A series of "cru" courses came next, paired with a Kunstler Riesling Trocken 'Kirchenstuck' 2007.  Some sort of pickled vegetable under the fish gave the jack a bright acidity that elevated it from normal (however high quality) sashimi.
(cru) striped jack, cherry blossom

A cube of seasoned avocado buried in the raw scallop half was simple but very nice.  (I managed to squeeze mine out of the scallop when I picked it up, so I don't think I got the full effect of the combination.)
scallop, avocado, lily

The little roe-laden crisp tasted like a very salty potato chip; nothing too memorable.  The smoked salmon with a bit of (I think?) creme fraiche tasted like a bite of excellent brunch.  (It recalled -- and probably would have impressed us more but for -- the awesome smoked salmon at Willows Inn.)
king salmon, its roe, anise hyssop

The abalone was the second most disappointing dish of the meal.  I've never previously loved abalone; a creamy Indian curried version at Daniel on my 28th birthday stands out as one of the worst dishes I've ever had at a well-regarded restaurant.  Here little cubes of it provided a nice textural element, basically in lieu of tofu cubes in what was otherwise an haute miso soup.  Nothing particularly wrong with it, but not particularly interesting.  However, the sort of sea bean-ish green (bottom half of the photo) was surprisingly bright and tasty.
abalone, roasted over the embers

Another brilliant tomato dish.  As much as I love sweet sungolds, the star was the tomatillo consomme.  Simple and gorgeous, great balance of sweetness and acidity.  While I like a pairing that goes beyond wine, the Shindo Brewery Daiginjo Sake picked up on the sweetness of the tomatoes, overwhelming the tomatillo.
tomato, sungold tomato, safflower oil, grilled tomatillo consomme

(According to the printed menu that we received after the meal, we didn't get a "king crab, pine mushroom, eucalyptus, pine nut" dish that would have come here.  No idea why; sounds pescatarian, and if it wasn't, disappointing that we didn't get a substitution.)
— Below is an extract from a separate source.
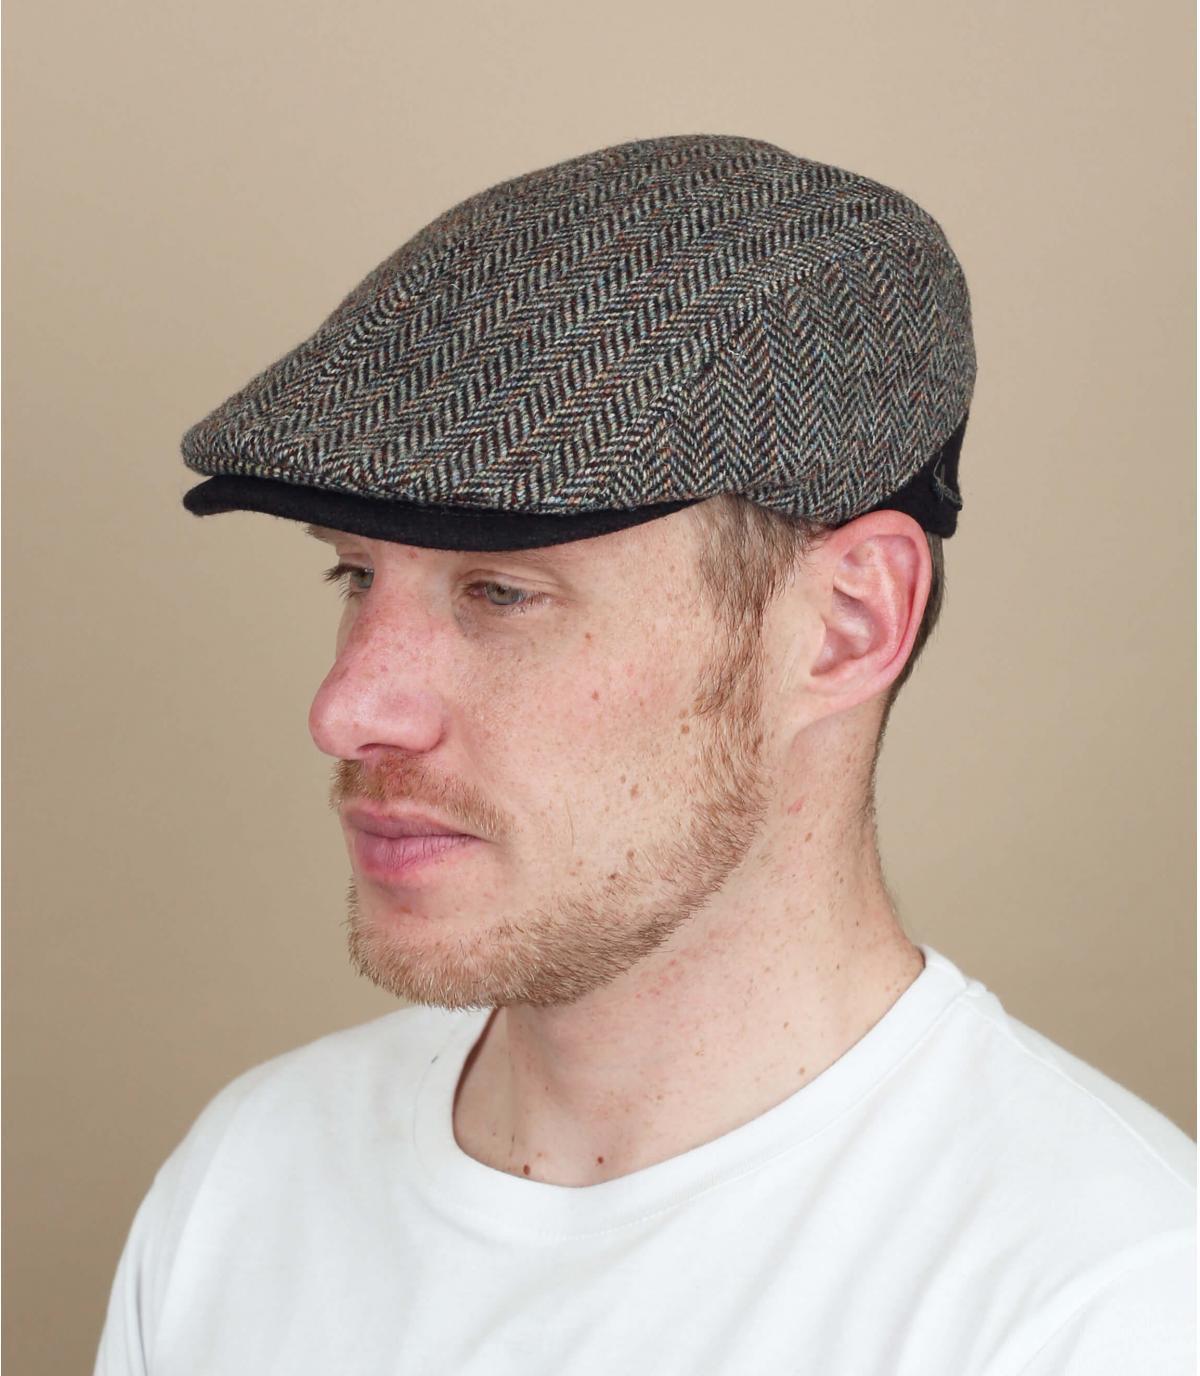 gorra marrón lana espiga

The melon soup was velvety sweet, pretty good but not amazing.  The printed menu listed ham, and I think some fatty saltiness would have been great.  Paired with Jorge Ordonez 'Botani' Moscatel Seco 2011, which I vaguely recall being a very cool wine -- surprising dryness given the nose -- and a well done pairing.
melon, melon soup, fermented melon skin, coconut (sans ham)

The spot prawn was very good; the spiced yogurt -- a vaguely Thai curry sauce -- got a nice pop of acidic contrast from the bits of orange.  I don't really recall the Nicolay Joly Saviennieres 'Coulee de Serrant' 2011 pairing, nor does Adam.  Cool plate.
spot prawn, swarnadwipa spices, yogurt, mandarin

Delicious Parker House rolls came with some of the best, most cheesy butter I can remember.  (Yes, those adjectives are somewhat redundant when it comes to dairy.)  Turns out they culture the butter; apparently it changes over the course of the summer as it ages.

(Here the menu again indicated a  meat dish -- 60 day lamb, slow grilled nightshades -- for which we unfortunately did not get a substitution.)

The Domaine Ramonet Chassagne-Montrachet 'Vergers' 1er Cru 2009 was good, but this was the most disappointing dish of the evening.  Similar to the abalone dish, but even less interesting -- a sort of salty greens broth with some starchy grains.
brassicas, toasted grains, wild seaweed bouillon

This intermezzo was pretty great, and the Reutberger Dunkel beer pairing was fun.  I'm not usually a beer drinker, and I really liked the dark lager.  I always enjoy toffee (a sort of toffee custard on the bottom); loved the little bread crunchies on top.  But we were disappointed that the brassicas were our last savory course -- turns out we were wrong -- and in retrospect I would have preferred this one to actually precede the desserts as a savory-to-sweet transition.  (Trippy plate.)
toffee, bread, milk, beer

Mushroom subbed for wood pigeon and boudin in the last course, which I really enjoyed.  I liked the mushroomy-sweet (blackberry and date) complement, and I even didn't mind the mild coffee flavor!  (I can't stand coffee ice cream or flavored, whipped cream slathered frappuccinos.)  I'm sure the Frederic Magnien Chambolle-Musigny 'Bourniques' 1er Cru 2011 went well, but I can't now recall its standing out.
mushroom, warm spices, dates, coffee

The raspberry-lemon pre-dessert was delicious, and I particularly liked the use of basil.  (I always enjoy a fizzy dessert wine, in this case Malvira Birbet, but I don't really remember it.)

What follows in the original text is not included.